[What is being asked]: An exact copy of all the lines below is required, with every image left out.

*** Opening of Raw data ***

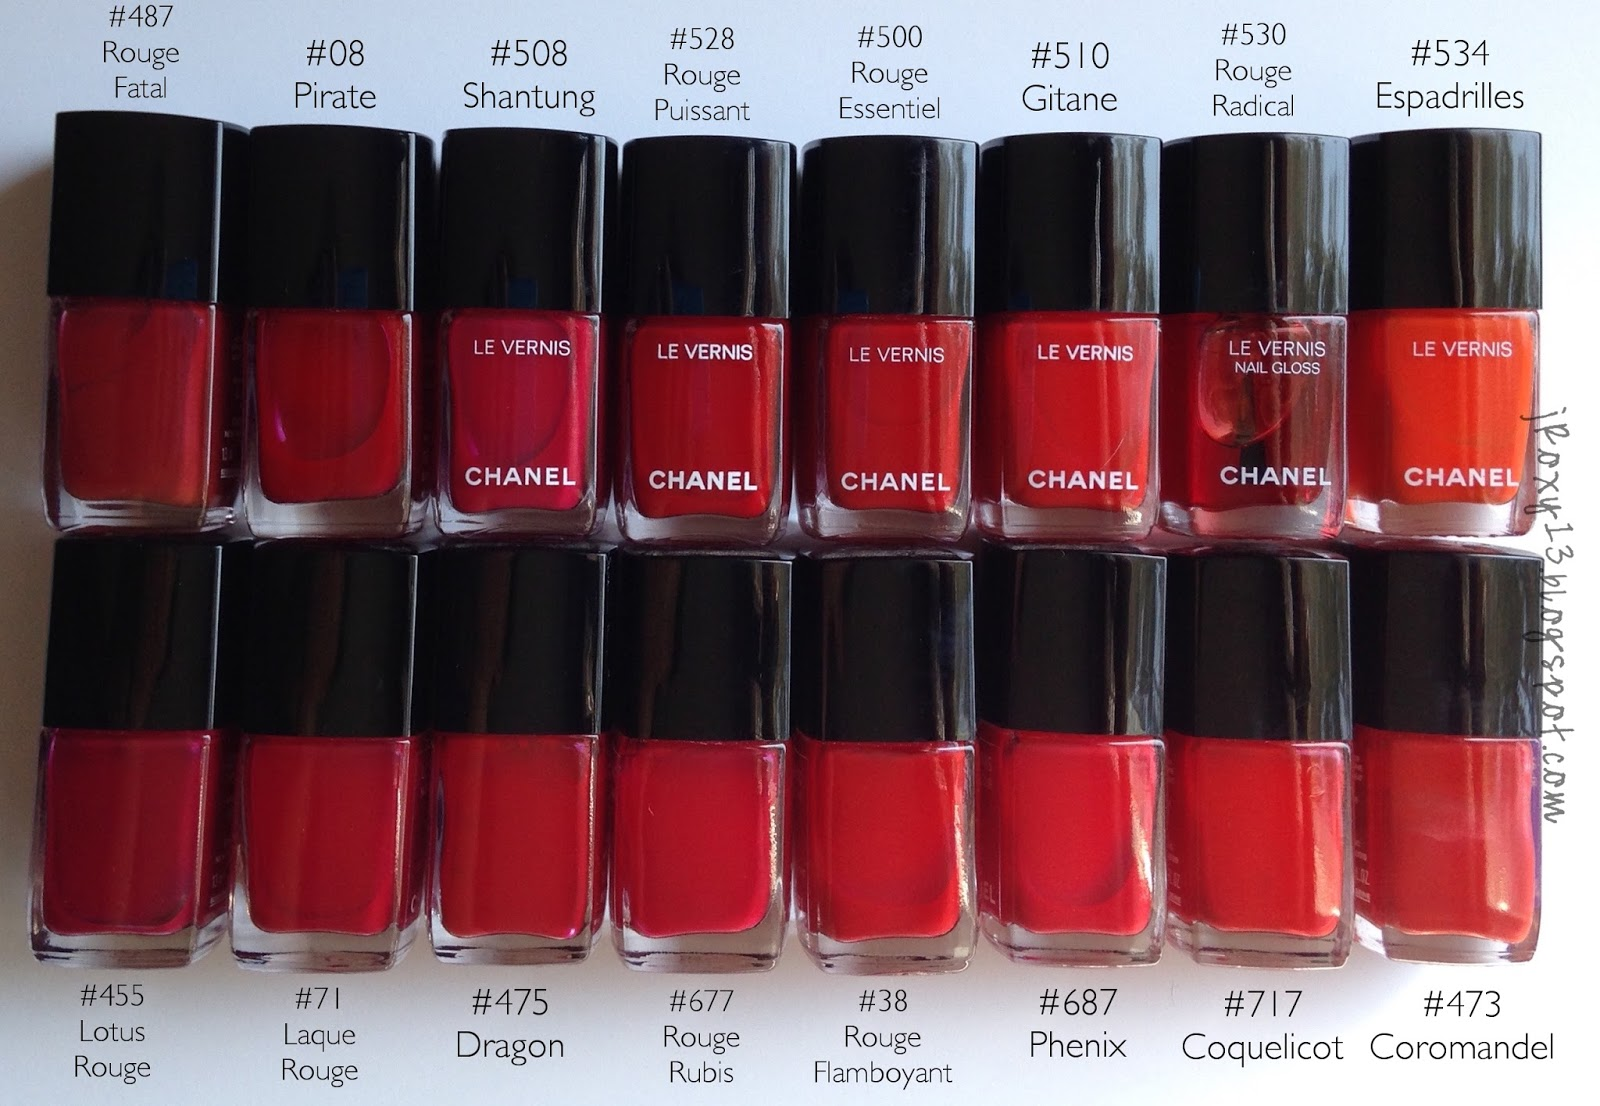 Chanel In 500 Rouge Essentiel Comparisons
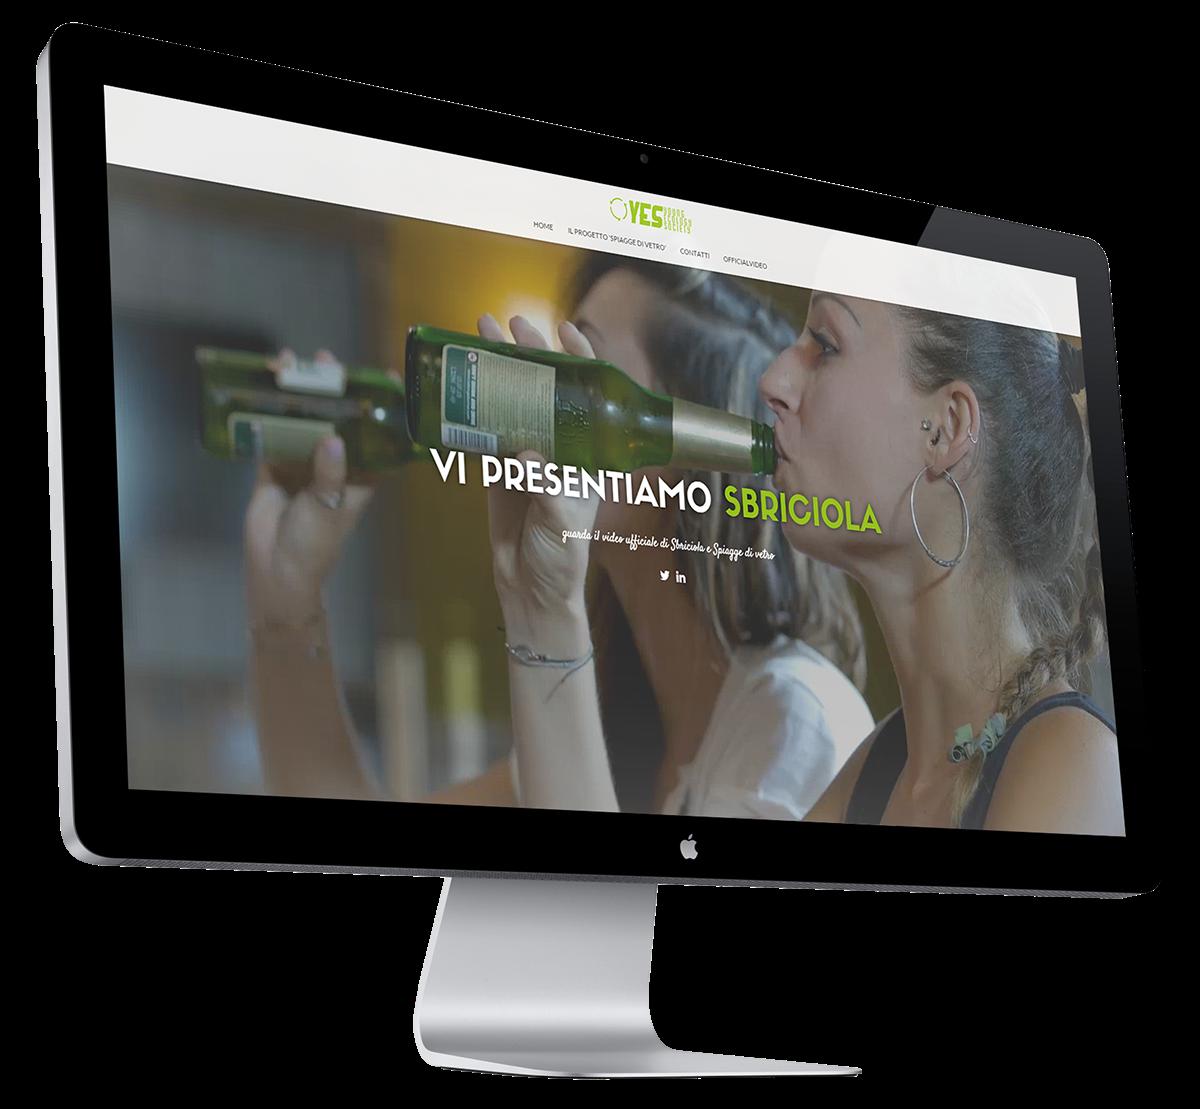 web site,design,web presence
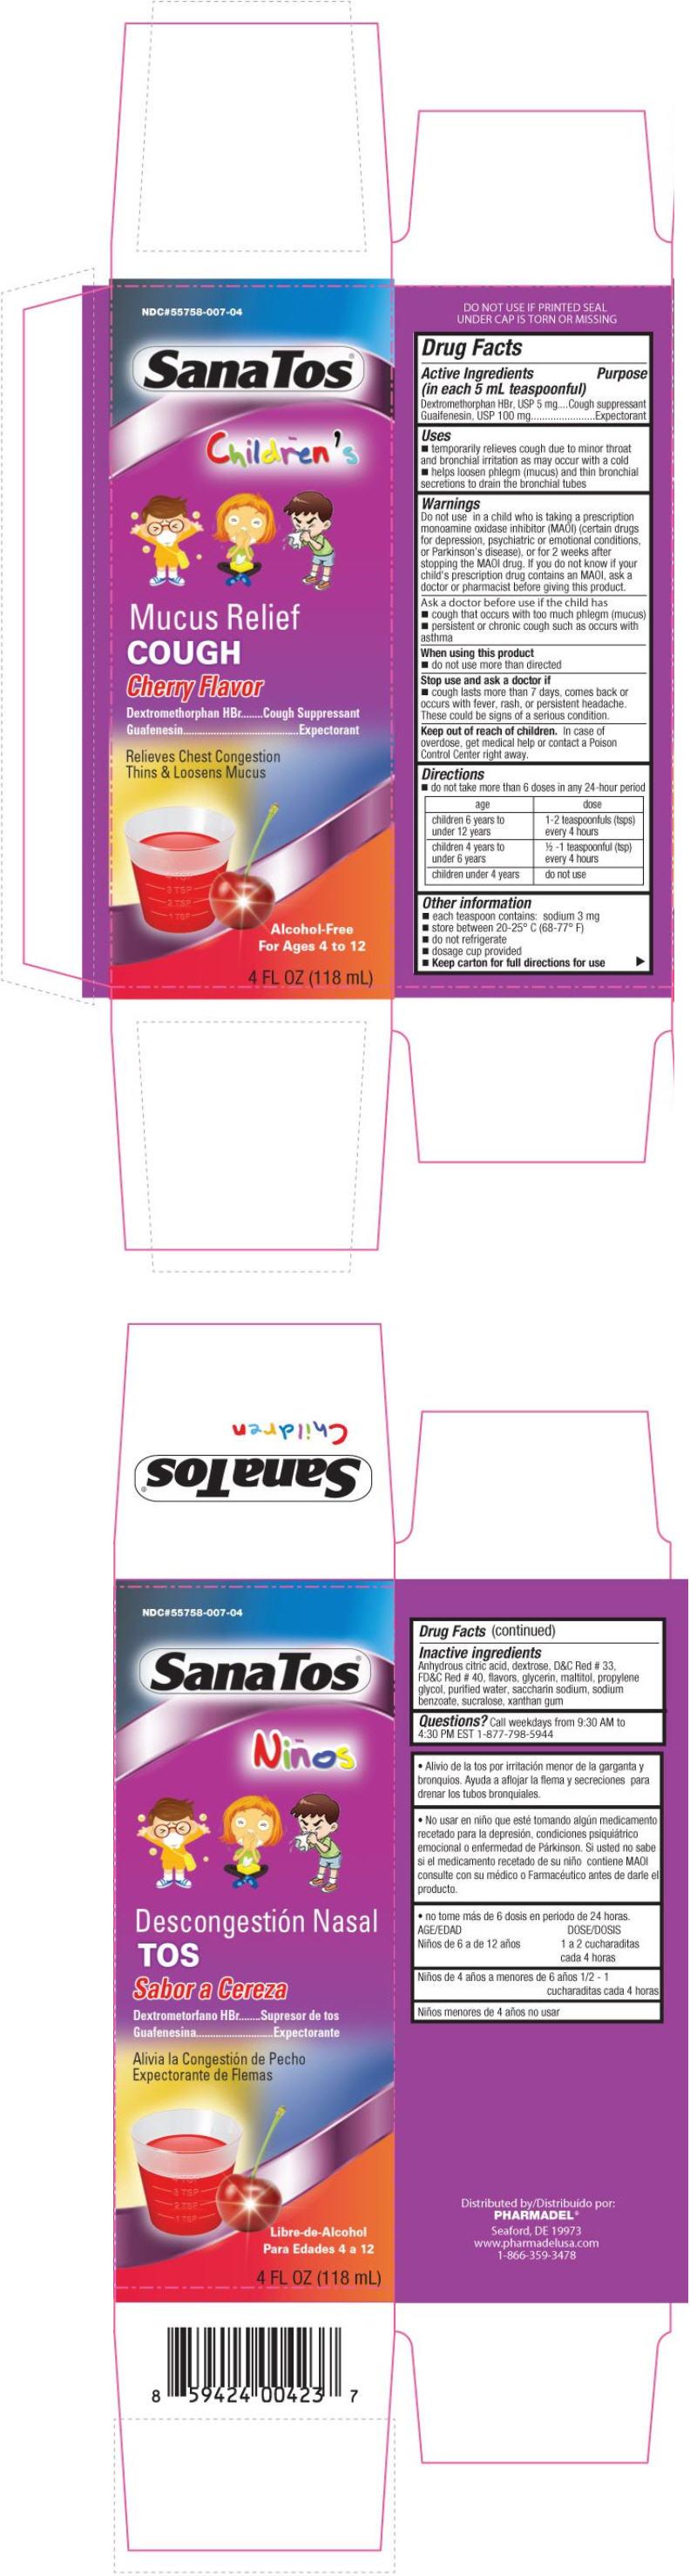 Sanatos Childrens Mucus Relief Cough (Dextromethorphan Hydrobromide And Guaifenesin) Liquid [Pharmadel Llc]
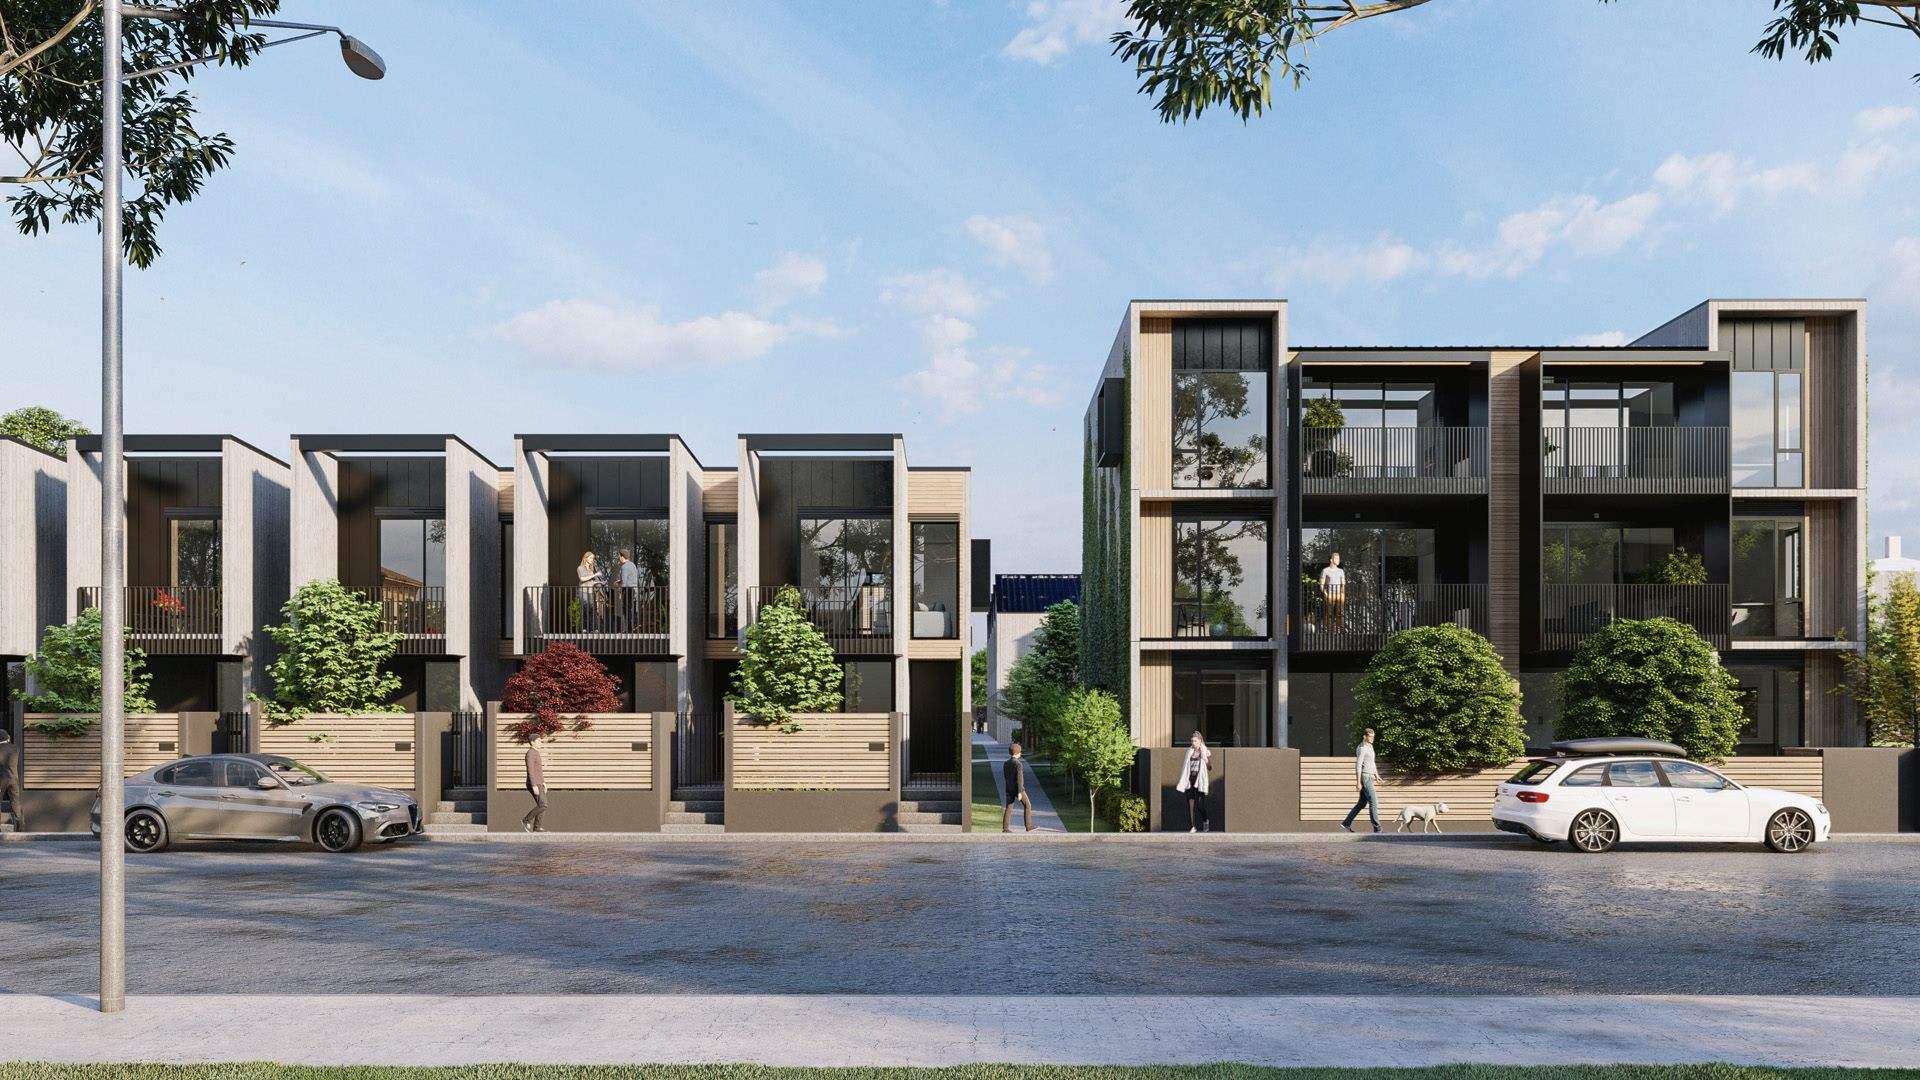 Christchurch Central 2房 高品质阳光新寓 鸟瞰Rauora公园风光 2022年秋竣工 上班族&小户型买家必看! Worcester Terraces -2 Bedroom Apartment

*** Close of Raw data ***

[Answer to this task]:
 Chanel In 500 Rouge Essentiel Comparisons
 web site,design,web presence
 Sanatos Childrens Mucus Relief Cough (Dextromethorphan Hydrobromide And Guaifenesin) Liquid [Pharmadel Llc]
 Christchurch Central 2房 高品质阳光新寓 鸟瞰Rauora公园风光 2022年秋竣工 上班族&小户型买家必看! Worcester Terraces -2 Bedroom Apartment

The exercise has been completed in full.